Activity.
Output the lines of the entries below beginning at the one with "56 Audi Headlights" and ending with the last, exactly as written and without pictures.

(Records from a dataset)
____

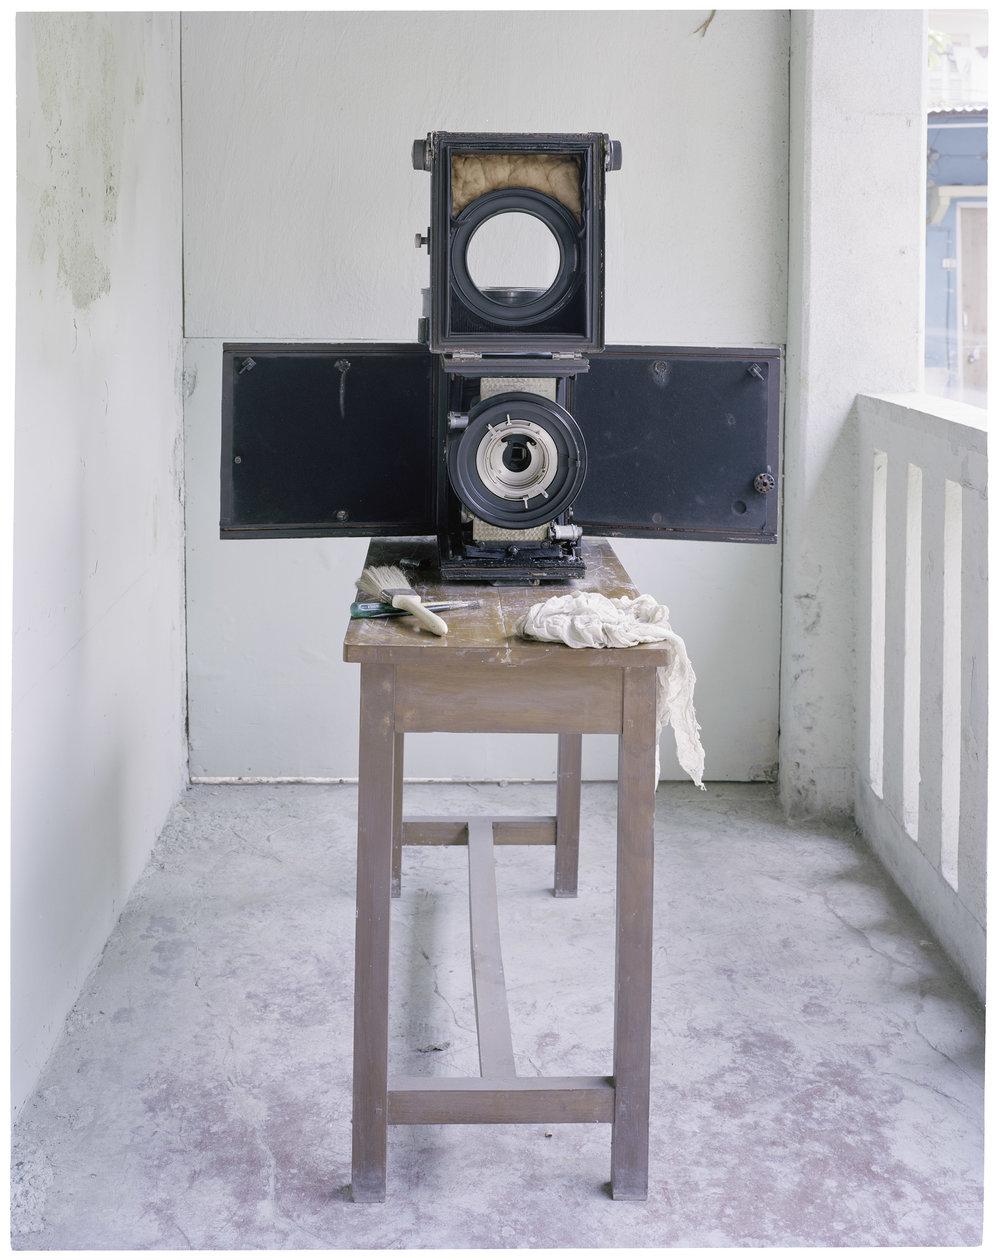 Andre Debrie Parvo camera (Silent Film era)- 10, 2013/14  from  Film Studio Series
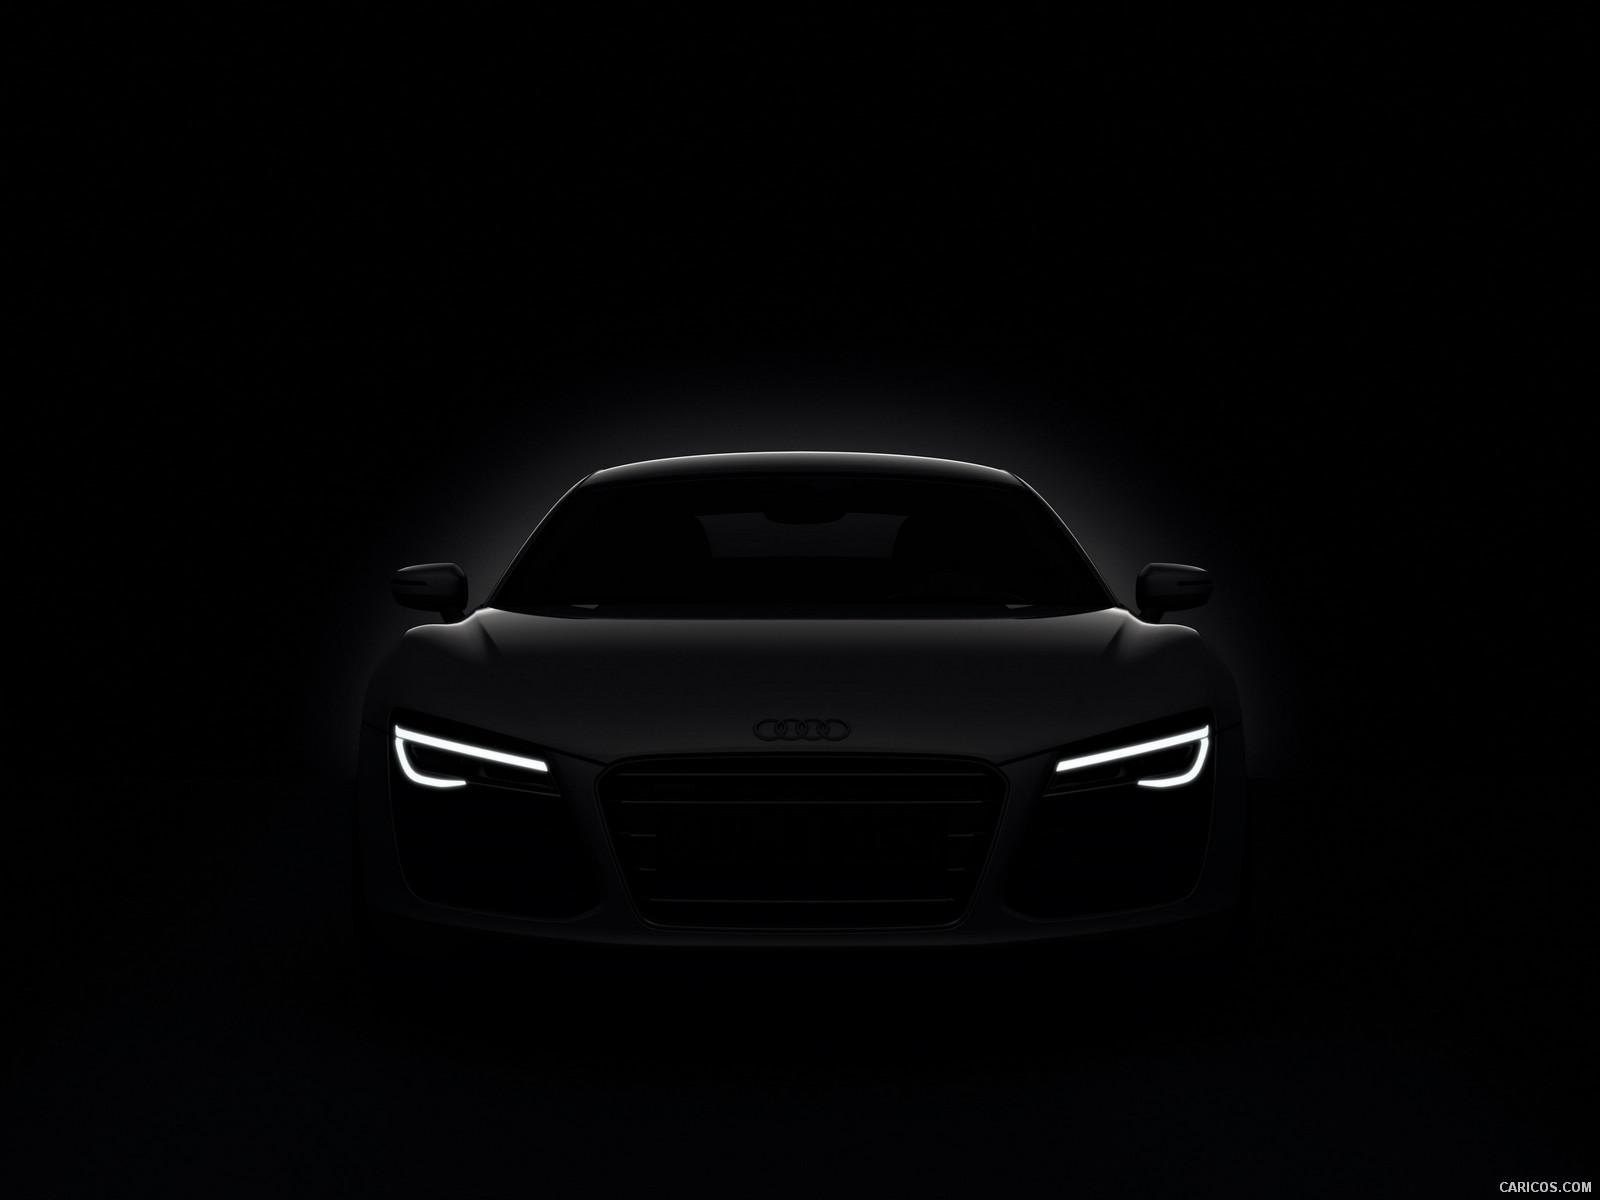 56 Audi Headlights Wallpaper On Wallpapersafari
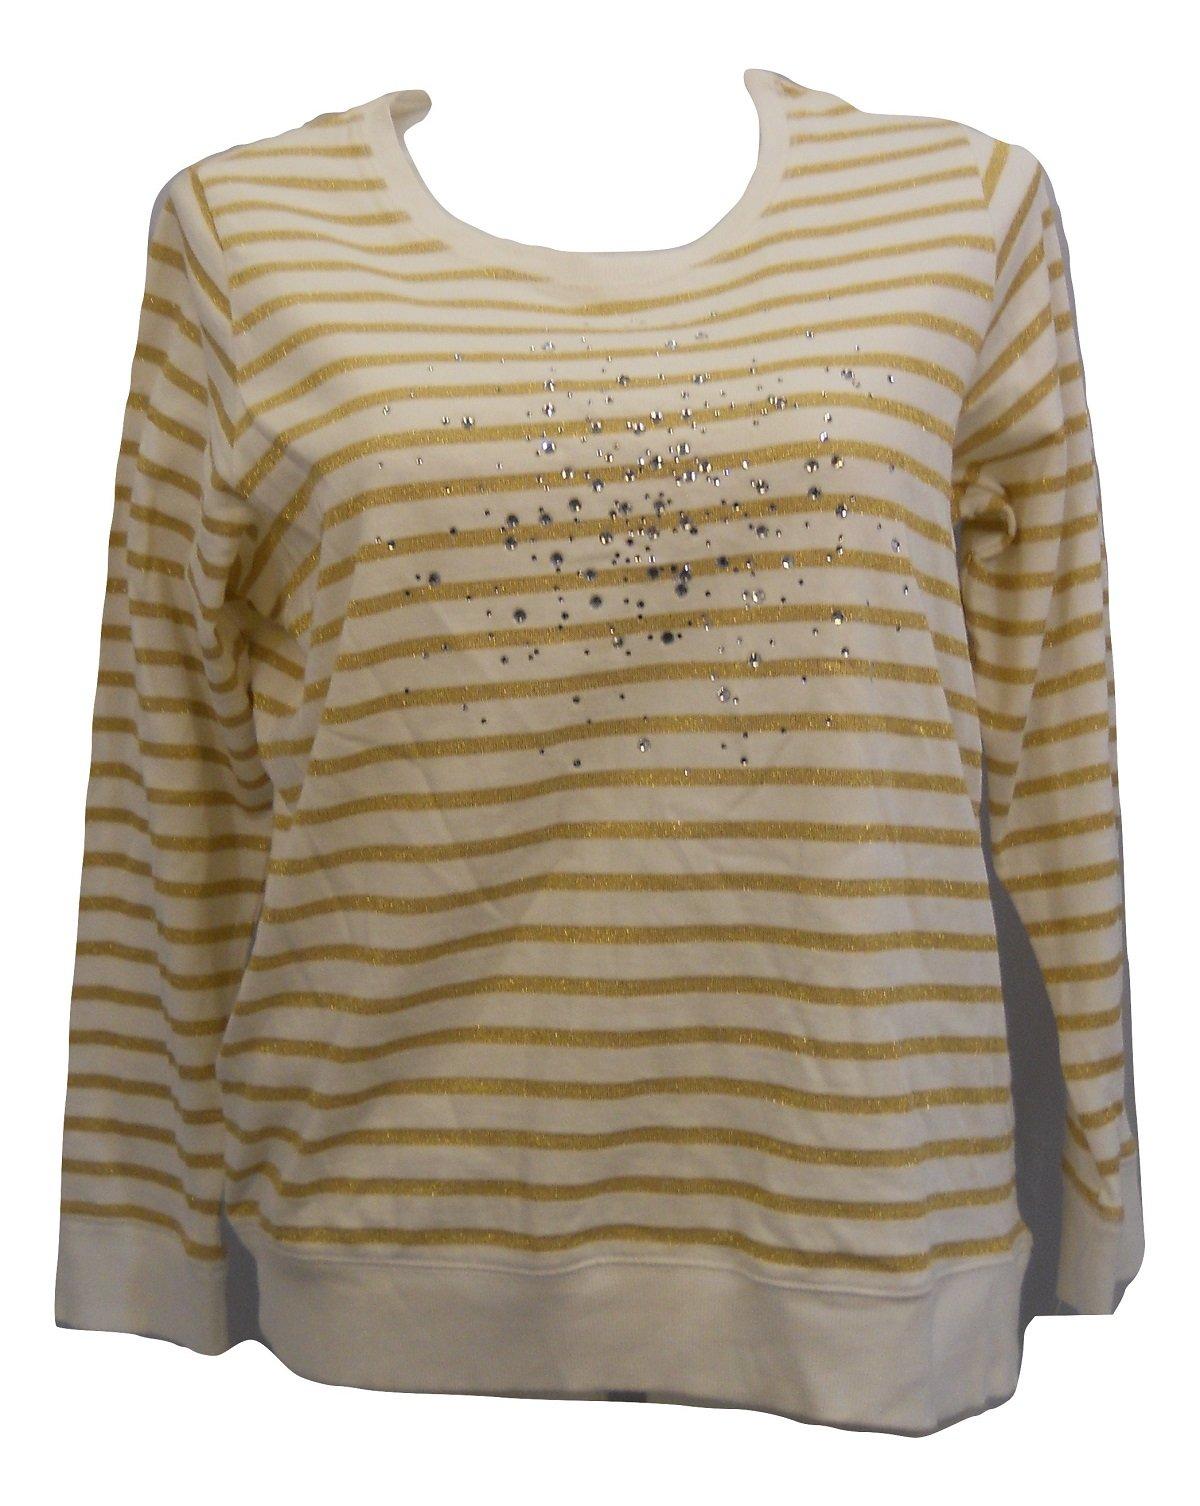 Style & Co. Womens Sweatshirt Plus Size 0X Jeweled White Gold Striped Long Sleeve
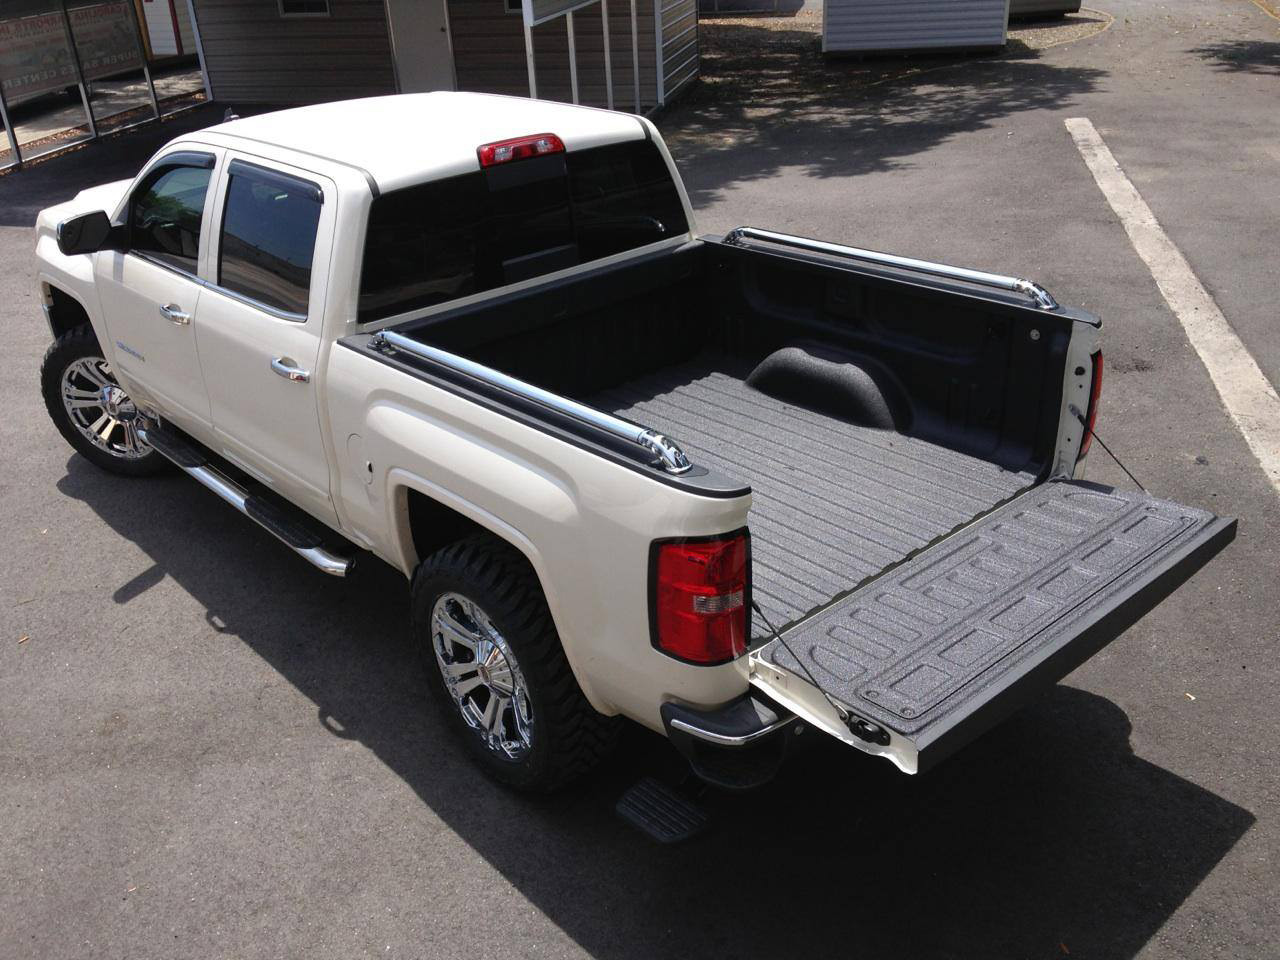 bedliner spray automotive in on liner kits scorpion dsi bed
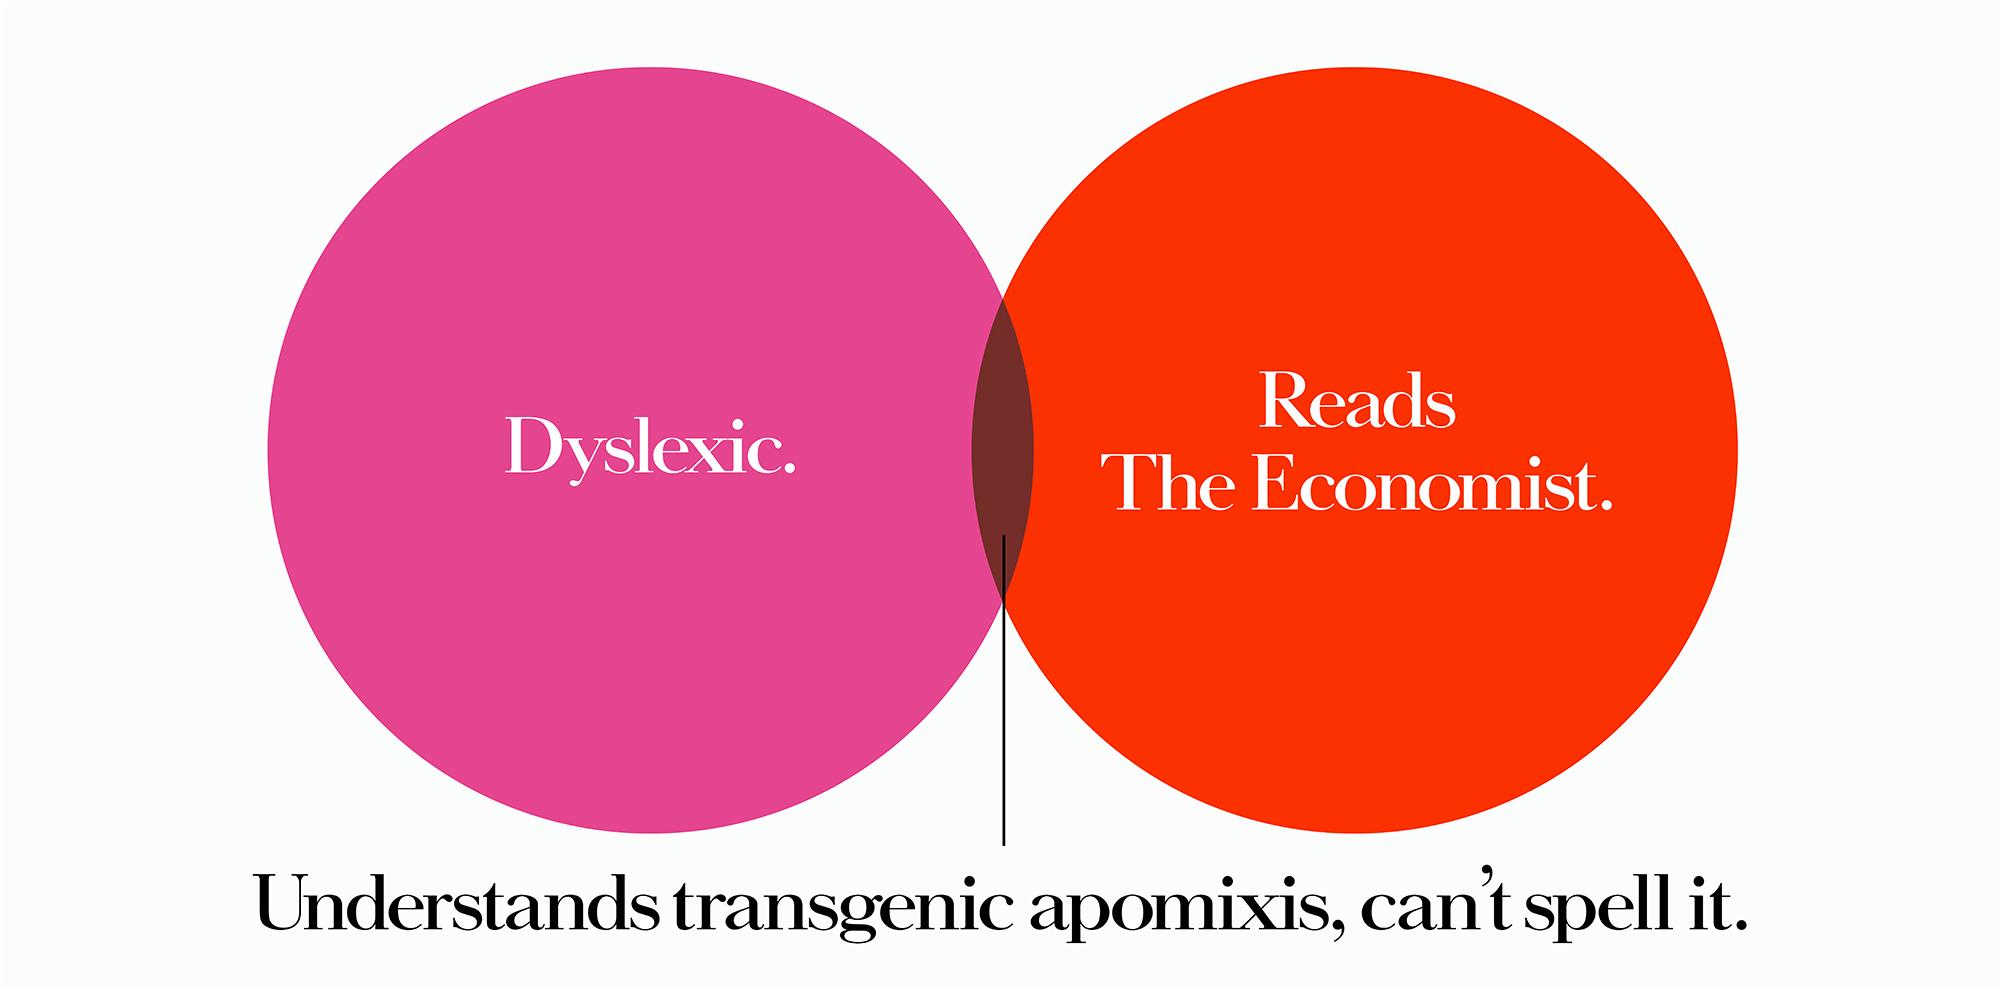 'Dyslexic_' The Economist, Dave Dye, Venn, 48 sheet, AMV-BBDO

____

Result of this task.
 56 Audi Headlights Wallpaper On Wallpapersafari
 Style & Co. Womens Sweatshirt Plus Size 0X Jeweled White Gold Striped Long Sleeve
 bedliner spray automotive in on liner kits scorpion dsi bed
 'Dyslexic_' The Economist, Dave Dye, Venn, 48 sheet, AMV-BBDO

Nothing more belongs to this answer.